Fave sport-touring trek: Any ride first thing Monday morning
Sport-touring bikes, eh? I'd love to own one, but the problem is I'm not 40 years old. But because it's my job, I took the ST4s out for a spin and quickly discovered I know two things about sport-touring bikes: jack and squat. The ST4s absolutely shreds twisty pavement, and felt so composed and powerful at all times I could have sworn I was riding a 996 racebike with hard bags! Oh wait, I was. It's hard to believe, but this is a touring bike that will surely hold its own in the twisties, on the racetrack and on that trip up the coast, two-up even.
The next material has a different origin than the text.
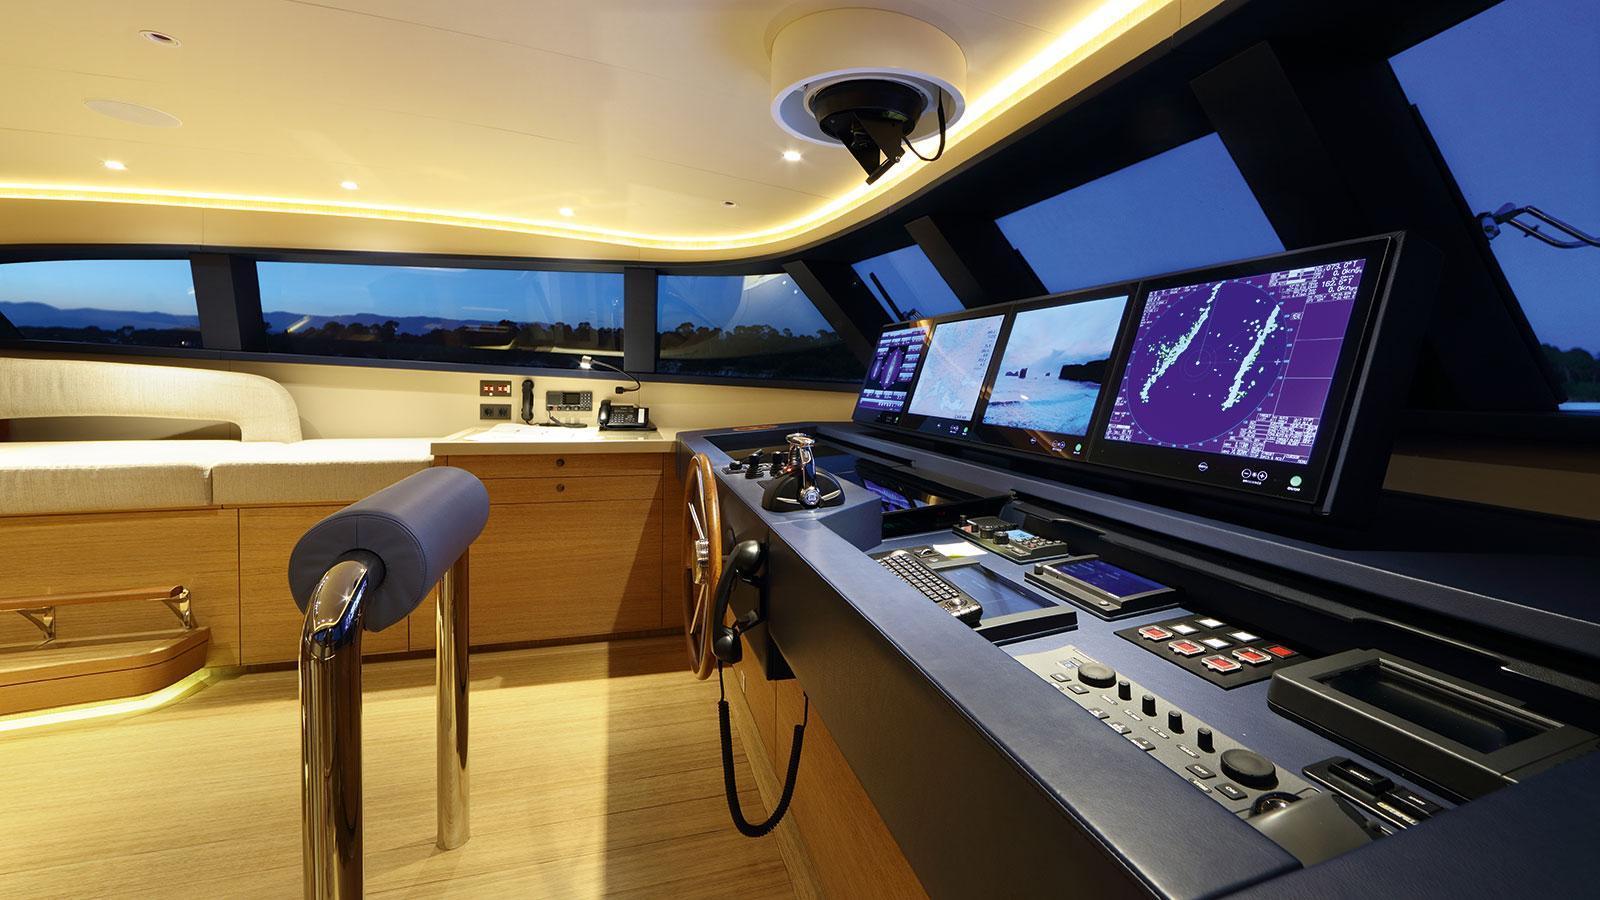 solis-motor-yacht-mulder-2015-34m-bridge

Now I just wish every manufacturer would take their best liter-class engine and put it in a comfortable and competent chassis with factory hard luggage. Yes, I'm talking to you Suzuki. --Josh Norem

Age: 39
Height: 6 ft.
Weight: 225 lb.
Inseam: 32 in.
Fave sport-touring trek: Zurich to Interlaken, via Monaco
Call it what you will--old age, softening brain matter, early signs of Alzheimer's, whatever--but I'm really digging today's sport-tourers, especially those with the emphasis on sport. I used to thumb my nose at the things (larger, taller and heavier STs such as the Kawasaki Concours and Honda ST1100), preferring instead to grab a true sportbike when long-distance trekking was called for and simply add the obligatory tank or tail bag--and maybe, if the trip was longer, a set of soft bags. No more. The latest wave of sport-tourers offers reasonable comfort and loads of sportiness. And in the case of Ducati's new ST4s, you're talking racebike-quality suspension, actual sportbike handling and that legendary Italian booom--always a good thing. Heck, the ST even sounds good with the stock cans. OK, so it's expensive. But with this one you definitely get what you pay for. If we do this Italy staff tour thing next year, I've got dibs on the ST4s.--Mitch Boehm

Ducati ST4s
Engine 9 Now a full 996, in fine fettle
Drivetrain 8 Stiff clutch, tall gearing...still!
Handling 10 This is an ST? You've got to be kidding!
Braking 9 Solid performance from the Brembos
Ride 9 Control in the twisties, plush on highway
Ergonomics 7 Odd bars, hard seat; otherwise livable
Features 9 Luggage, centerstand, U-lock, etc.
Refinement 8 Better than ever, but not quite Japanese
Value 8 You get a lot for your 15 grand
Fun Factor 9 The longer you ride the higher the score
Verdict: Lukewarm performance of the ST4 (and ST2, for that matter) completely overcome by righteous 996 engine and superlative suspension. This is the ST we'd always hoped Ducati would make.
Ducati ST4s
MSRP $14,995
Warranty 24 months, unlimited miles
Colors red, titanium gray, yellow
Type l-c {{{90}}}-deg. V-twin
Valve arrangement dohc, 8v
Bore x stroke 98.0 x 66.0mm
Displacement 996cc
Compression ratio 11.2:1
Carburetion Marelli electronic fuel injection, 50mm throttle bodies
Transmission 6-speed
Final drive #525 chain
Frame tubular-steel trellis
Weight 521 lb. (wet) 488 lb. (fuel tank empty)
Fuel capacity 5.5 gal.
Suspension, front 43mm inverted cartridge fork adjustable for spring preload, compression and rebound damping
Suspension, rear single shock adjustable for spring preload, compression and rebound damping
Brake, front dual four-piston calipers, 320mm disc
Brake, rear single two-piston caliper, 245mm disc
Tire, front 120/70ZR17 Michelin Pilot Sport
Tire, rear 180/55ZR17 Michelin Pilot Sport
Corrected 1/4-mile* 10.74 sec. @ 126.05 mph
0-60 mph* 3.07 sec.
0-100 mph* 7.07 sec.
Top-gear roll-on, 60-80 mph* 4.39 sec.
Power to weight ratio** 6.41 lb/hp
Fuel mileage (low/high/average) 39/47/44
Cruising range (exc. reserve) 176 miles
Brembo four-pot calipers grip stainless discs with the help of braided lines. A titanium-nitride finish on the Showa fork reduces friction, but the real benefits stem from better internals.
Standard ST2/4 cast handlebar risers greet the ST4s pilot. We'd prefer a less-flat angle, but the ST4s' sportier ergonomics are perfectly in keeping with the bike's character. Accurate fuel gauge, clock and temperature displays are on the small LCD panel.
Top-notch Oehlins shock provides superior control, a generous range of adjustability and the convenience of remote preload manipulation. It would cost more than two-thirds of the ST4s' premium to put this shock on a regular ST4. Such a deal.